Return each line below exactly as it reads, and omit any image in it.

PROVIDED DATA —
*** Block opens ***
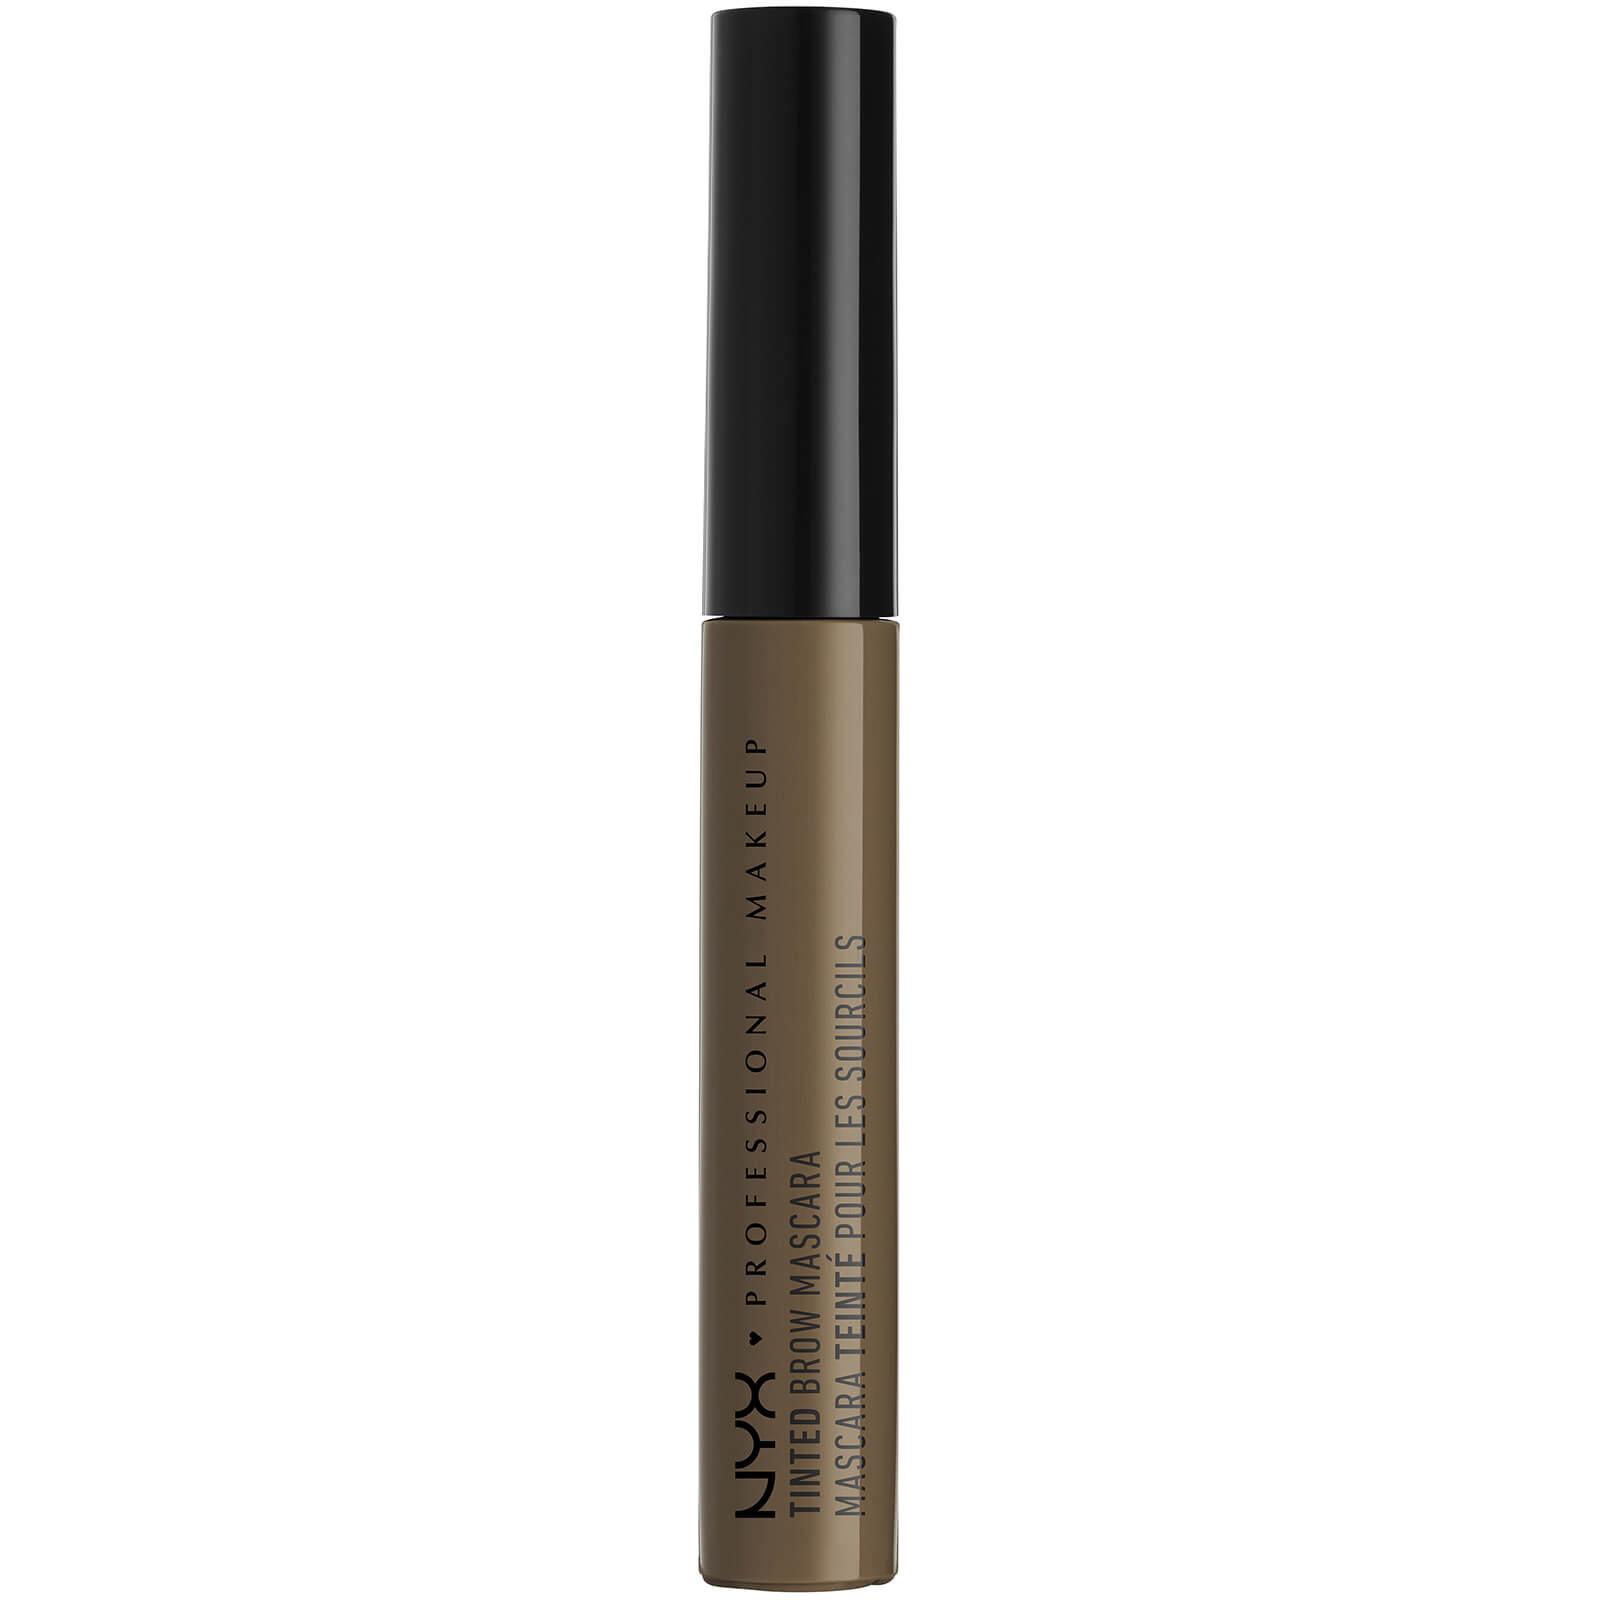 nyx professional makeup tinted brow mascara (various shades) - brunette
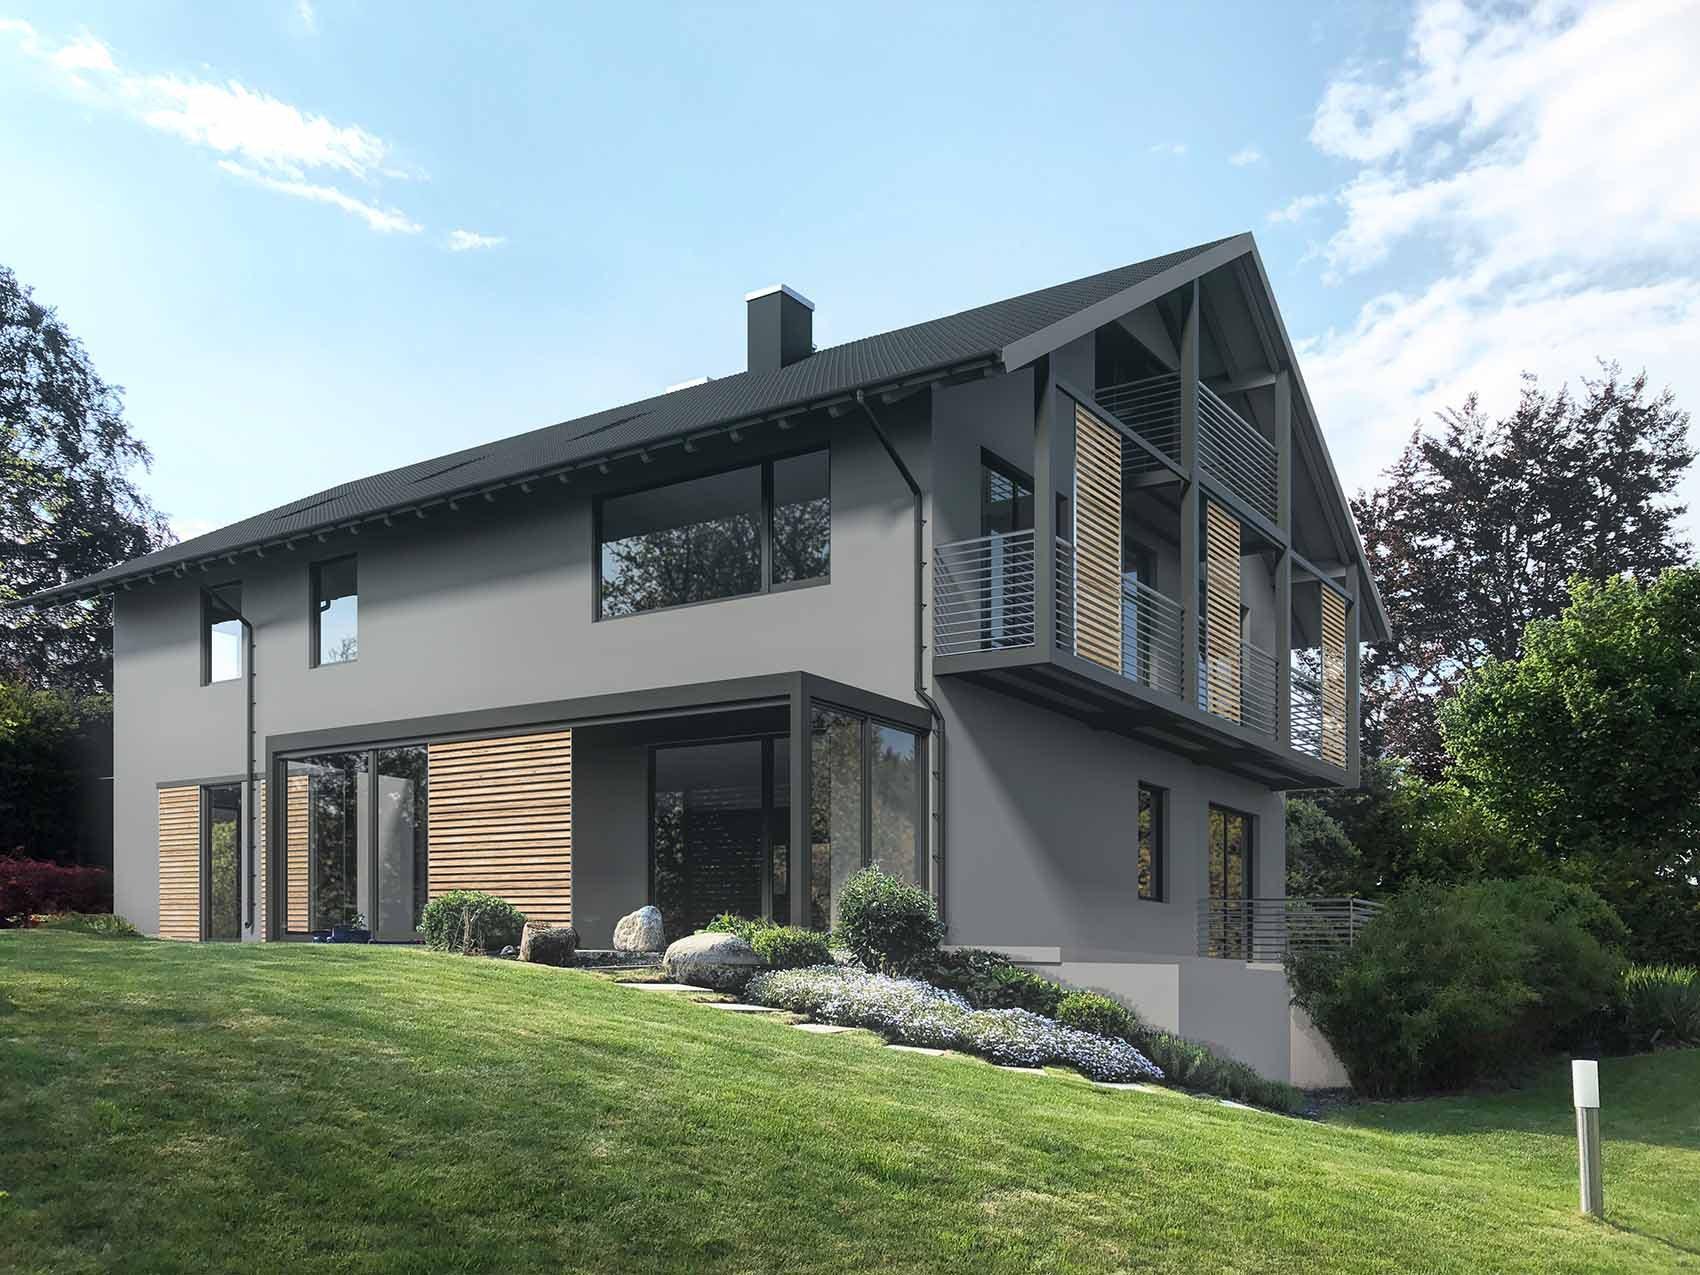 3D Rendering zur Fassadengestalltung
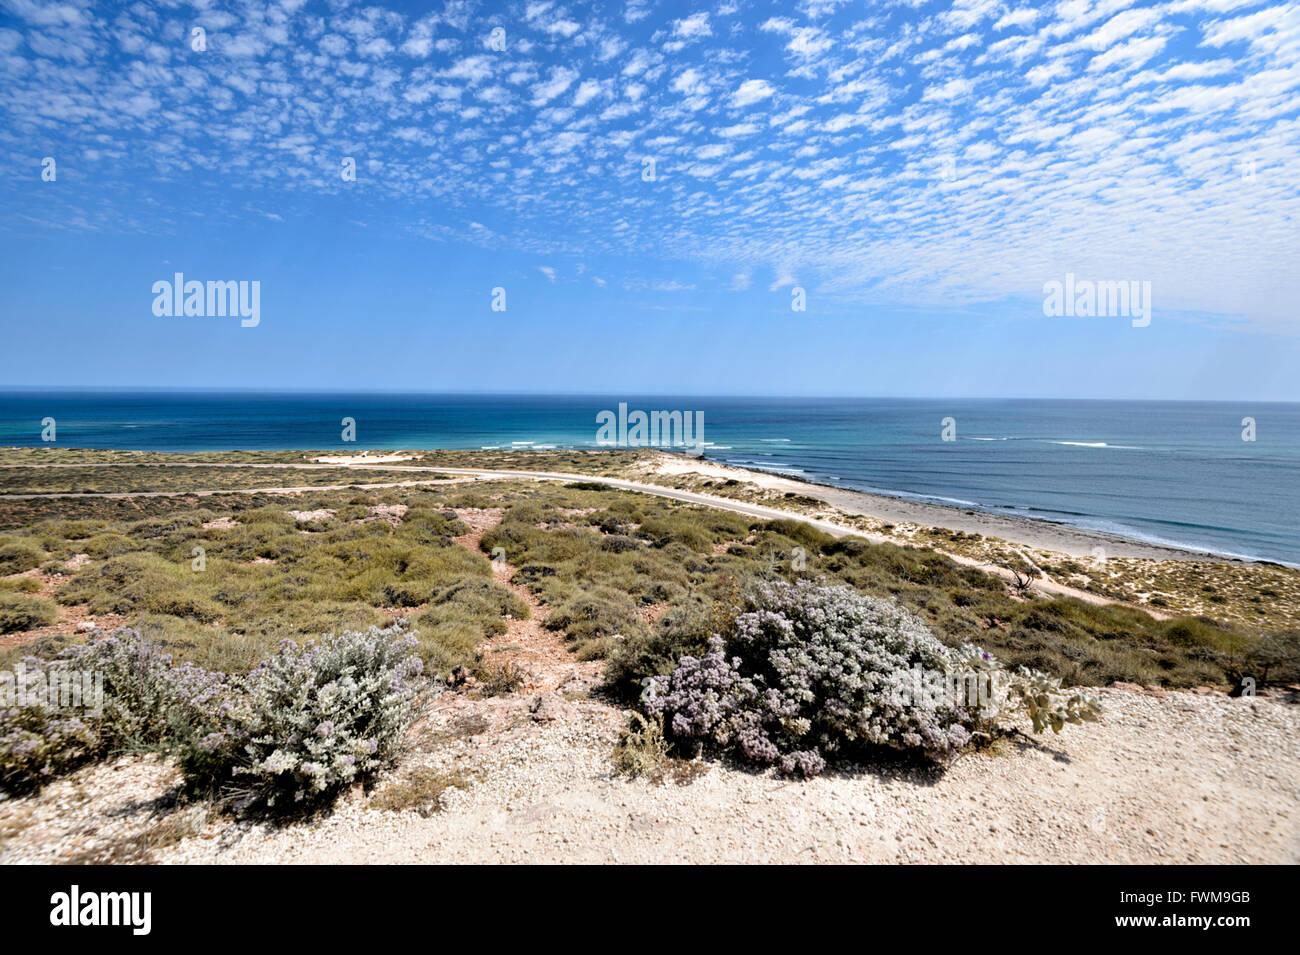 Ningaloo Coast, Western Australia, WA, Australia - Stock Image
*** Block closes ***
ANSWER BOX —
 nyx professional makeup tinted brow mascara (various shades) - brunette
 3D Rendering zur Fassadengestalltung
 Ningaloo Coast, Western Australia, WA, Australia - Stock Image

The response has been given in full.